- I-No from Epic Seven
- First game: Guilty Gear X2 (2002)
- Created by: Daisuke Ishiwatari
- Based on: Ringo Sheena
- Voiced by: EN: Amber Lee Connors; JA: Kikuko Inoue;

= I-No =

Fictional character from Guilty Gear

I-No (/ˈiːnoʊ/ EE-no; イノ) is a character in Arc System Works' Guilty Gear fighting game series. Created by Daisuke Ishiwatari and first appearing in the 2002 video game Guilty Gear X2, she was originally conceived as a replacement for the character Justice, and a combination of a wizard and a musician. Ishiwatari designed her to be "the ultimate erotic character", making her cruel and sexually aggressive, while basing her physical appearance on musician Ringo Sheena. She is a minion of the villain Asuka R. Kreutz, though works towards her own goals, and often manipulates the other fighters against each other. Since her initial appearance, she has since gone on to appear as a playable character in most Guilty Gear games, as well as several mobile games. She is voiced in Japanese by Kikuko Inoue, and by Amber Lee Connors in the English localization of Guilty Gear Strive.

I-No has been praised for both her character's sex appeal, but also her high difficulty as a boss in Guilty Gear X2. Called one of the fighting game genre's "most magnetic fighters" by Destructoid, approval from media outlets also came in regards to her character and how she emphasized "evil as sexy", and fit the image of a "rock and roll lifestyle". Though some complained that she was often shown being defeated, her presence as a manipulator working towards her own goals and the twists with her character also saw praise. Meanwhile, fan reactions to her were seen as breathing life into the character, and that her counter-compliant nature provided her with an illusion of agency.

==Design and creation==

I-No's design in Guilty Gear Strive was changed significantly to "allow more users to play the game".

Created for Guilty Gear X2, I-No stands tall. I-No has a black hair in a bobcut, and wear fingerless black gloves, red thigh-high platform boots, and a choker. Her body is covered in a black and red tube dress that stops just below her breasts, while her jacket exposes her shoulders and strips of cloth dangling from it over her chest. The jacket is connected to fabric around her neck with a ring extending from it, which she can use to remove said jacket quickly. She has a witch's hat stylized after a skull, with a "mouth" she can animate to fire projectiles in some of her attacks. Her primary weapon is "Marlene", a blue guitar modeled after the Duesenberg Starplayer. In terms of personality, I-No is described as completely self-centered, and due to this sees others as just livestock able to be sacrificed. Due to her abilities she lacks empathy, though tries to keep her nature hidden unless she loses her composure.

In each installment of the series her outfit remained consistent until her appearance in Guilty Gear Strive, in which it was changed entirely.
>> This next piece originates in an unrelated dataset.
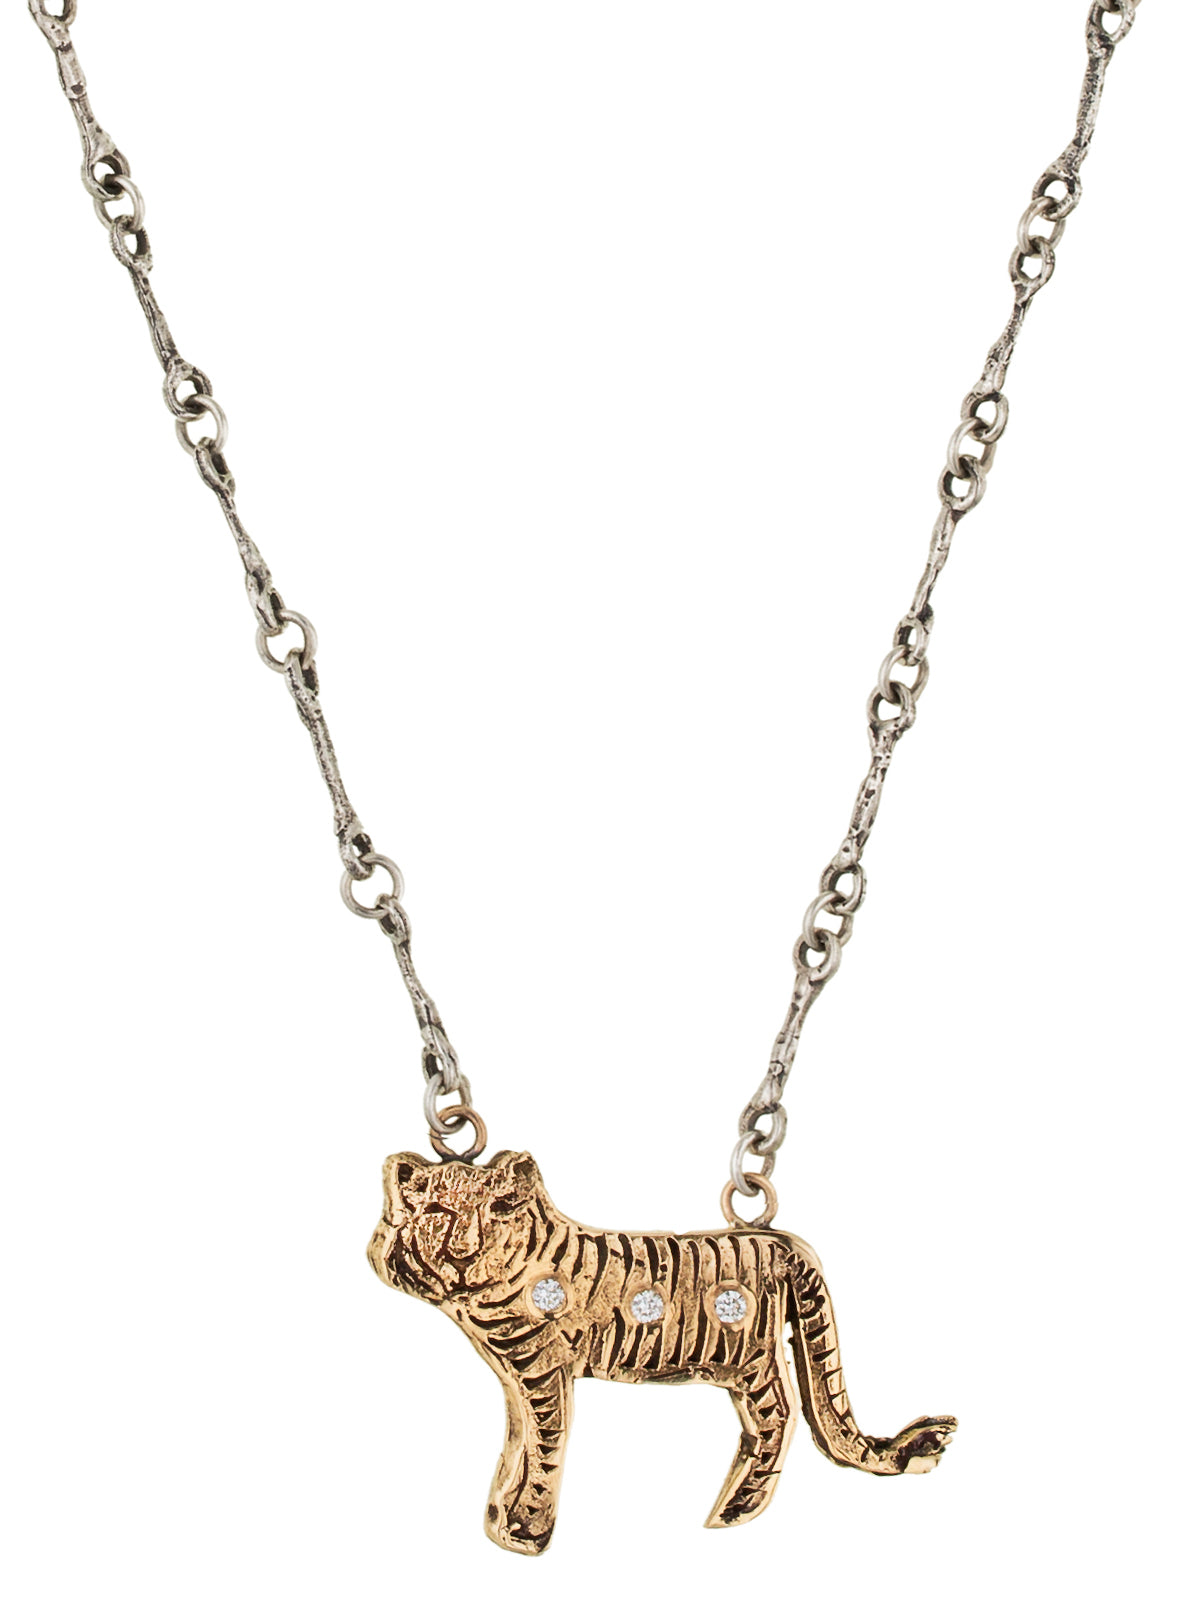 Spirit of the Tiger Necklace

While the red witch's hat, black gloves, choker, thigh-high boots and blue guitar remained, her dress was replaced with short shorts, and a belt atop them that featured coat tails hanging off it. Meanwhile, her midriff was now exposed, with her torso covered by a black unbuttoned shirt that cups her breasts, and a cropped red leather jacket. The brim of her hat was expanded, and she now wears green sunglasses. Regarding the design change, Ishiwatari stated it was to take into account global audiences, not wanting it to be seen as due to "regulations" but instead a "change in expression" to "allow more users to play the game".

In all appearances, I-No is voiced by Kikuko Inoue in Japanese, and in Guilty Gear Strive by Amber Lee Connors in English. Much of I-No's dialogue is cruel and sexually charged, with the developers intending such to not only shock men and women alike but be captivating as well due to her portrayal as an evil woman. However, as a boss her dialogue changes to a significantly more aggressive tone. According to Inoue "She is the scariest role I've ever played. I've never said such abusive words before, and I'll probably never have a chance to say them again." However, she also wanted to express I-No as strong, due to her doing evil for her own sake rather than a reason such as revenge. Connors meanwhile stated she was a huge fan of the character's design, and during the audition period Arc System Works requested two takes, one attempting to match Inoue's tone and another with Connors' own approach to I-No's voice. The company went with the latter upon hiring her, which Connors referred to as a "dommy mommy" take on the character.

===Conception and inspiration===
When developing X2, they originally considered bringing back the character Justice, the final boss from the original Guilty Gear, as a playable character. Series creator Daisuke Ishiwatari however wanted instead to explore a new character that was based on several aspects of Justice, feeling that simply bringing Justice back would diminish some of their impact. When developing I-No, he gave her a "wizard-like" silhouette, while wanting to push the "limits of eroticism" with her design. He emphasized this in particular with how he drew her guitar, aiming to avoid making it feel like attacking with a baseball bat and instead appear erotic in motion, trying to plan out movements that felt interesting to watch. He wanted her color scheme to be a departure from that seen with previous Guilty Gear characters, giving her overall appearance, and heavily detailed her guitar. When project manager and animator Toshimichi Mori suggested just drawing the guitar as glossy, Ishiwatari refused and insisted that "Whatever it takes, draw it in every detail!"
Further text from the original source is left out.